Но я получила первый ключ… Он же выявился и главным… Отчего это с тобой сейчас произошло?
— Гравюры… Америка… Кэролайн…
— Значит, между нами установился и действует обмен на интуитивном уровне… — Она помолчала, раздумывая. — Убрать? Эти укиё-э — убрать?
— Пусть остаются… Я справлюсь…
Акико что-то резко сказала немолодой служанке по-японски и для меня пояснила:
— Чай будем пить в саду. Уже тепло. Запоминай: тясицу — чайный домик и рёдзи — садик вокруг него. — Она явно стремилась отвлечь меня и заторопилась, отрывая слова от зримых для меня образов, и я понял только, что там, в саду, я обязательно успокоюсь.

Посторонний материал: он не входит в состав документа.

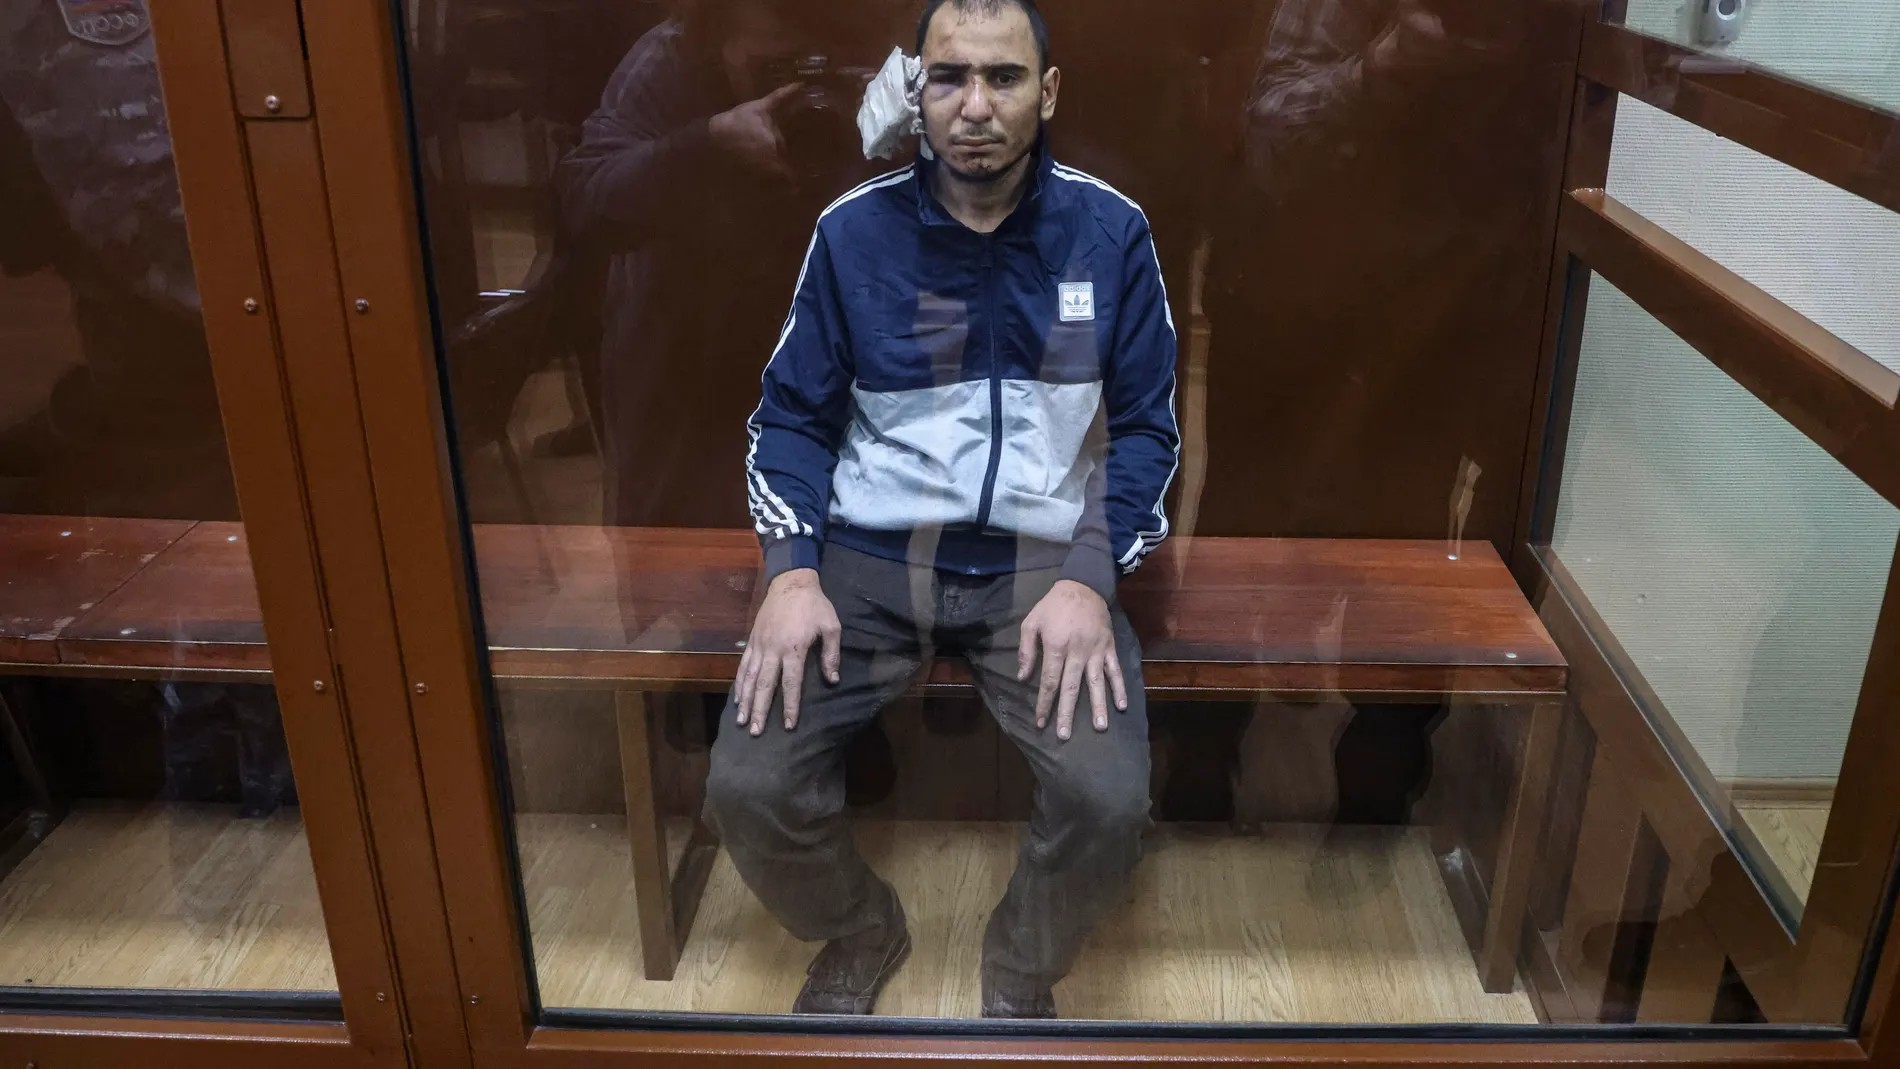 Moscow (Russian Federation), 24/03/2024.- A suspect in the shooting attack on the Crocus City Hall concert venue sits inside a defendant's enclosure during a hearing on pretrial restrictions at Basmanny district court, in Moscow, Russia, 24 March 2024. At least 137 people were killed and more than 180 hospitalized after a group of gunmen attacked the concert hall in the Moscow region on 22 March evening, Russian officials said. Eleven suspects, including all four gunmen directly involved in t...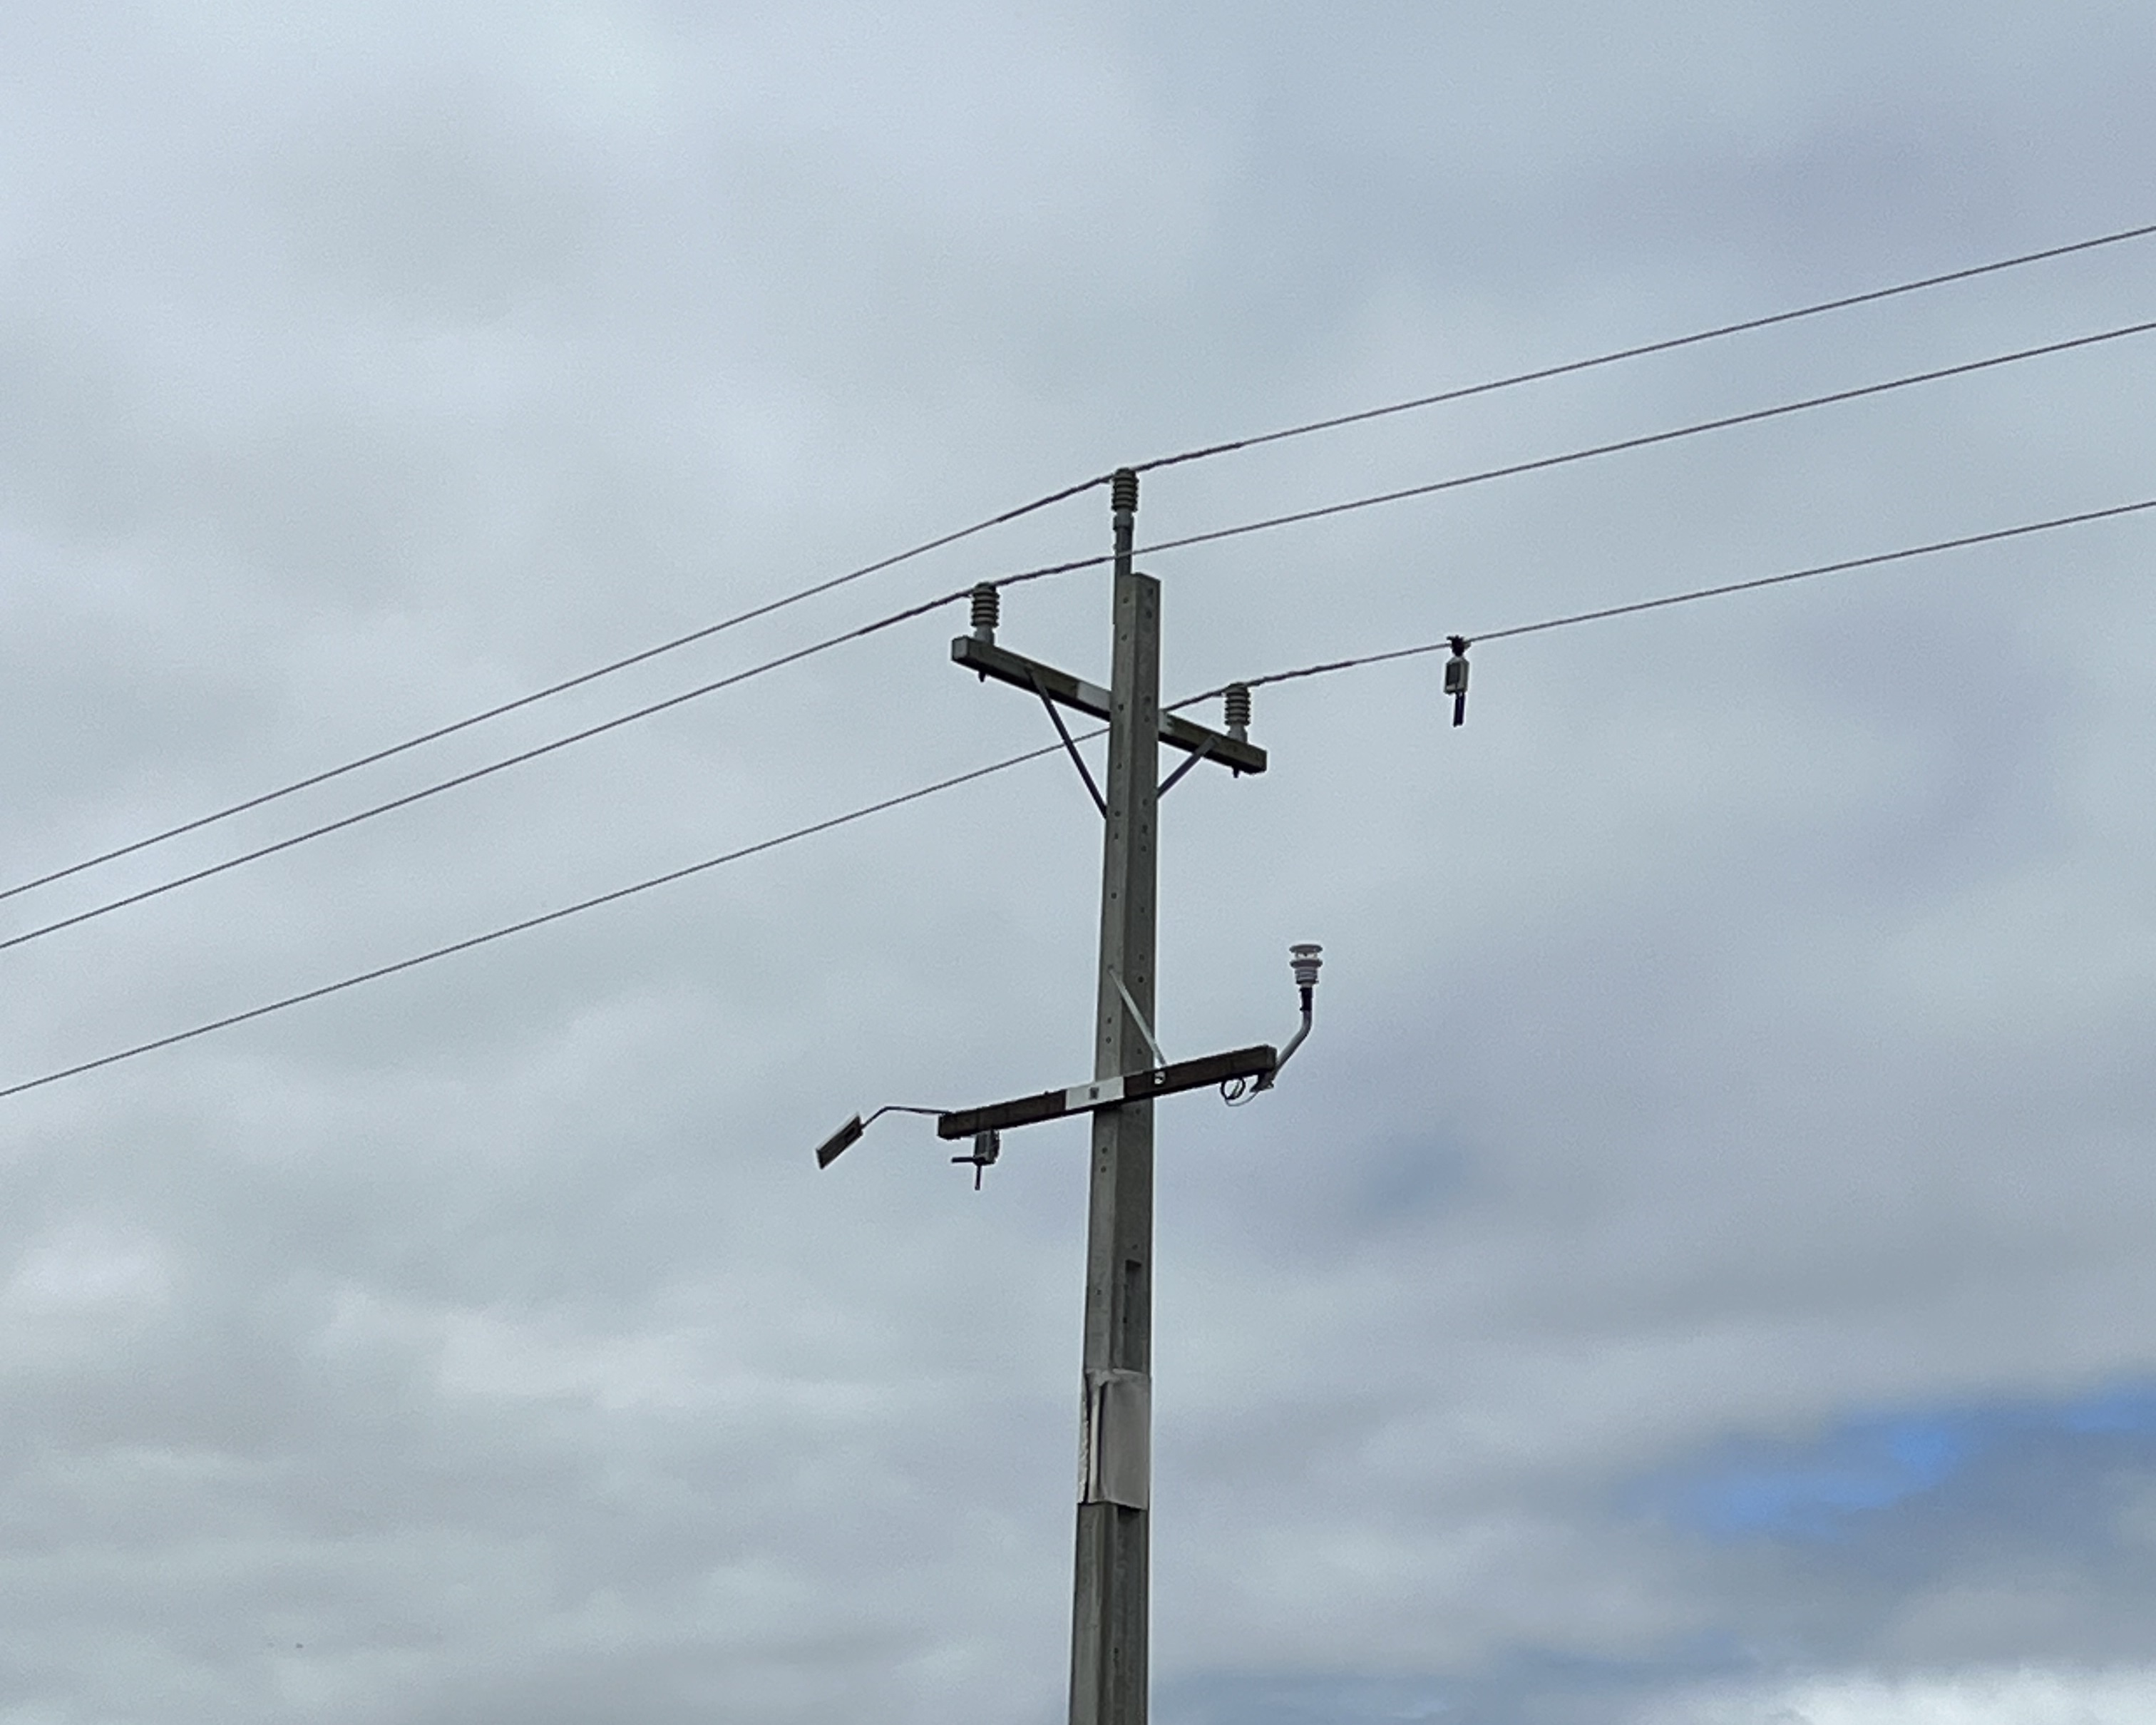 Power pole and lines with a small rectangular device hanging on one of the lines.

На прогулке Акико виду не показывала, что крайне озабочена тем, что я сразу принялся нарушать её планы, и рассказывала легенды и достоверно известное о благословенном Сайгё-хоси, поэте и буддийском монахе, жившем в двенадцатом веке, одном из наиболее популярных в Японии мастеров традиционного пятистишия, состоящего из тридцати одного слога.
— Он воспевал любовь к природе и буддийские ценности. — И Акико читала мне его стихи-танка, немного по-японски, больше в английском переводе, потому что на японский язык у меня времени всё как-то не оставалось, но, мне кажется, от японского меня отводили в сторону иные силы, более могущественные, чем само Время. — Этот поэт сознательно оставил праздную, но шумную жизнь в столице, чтобы воспеть одиночество в горах. Воспоминание о Сайгё-хоси помогло мне прийти к идее твоего лечения в уединении. Вот второй ключик к твоему лечению… Тебе нравится уединённый покой моего дома?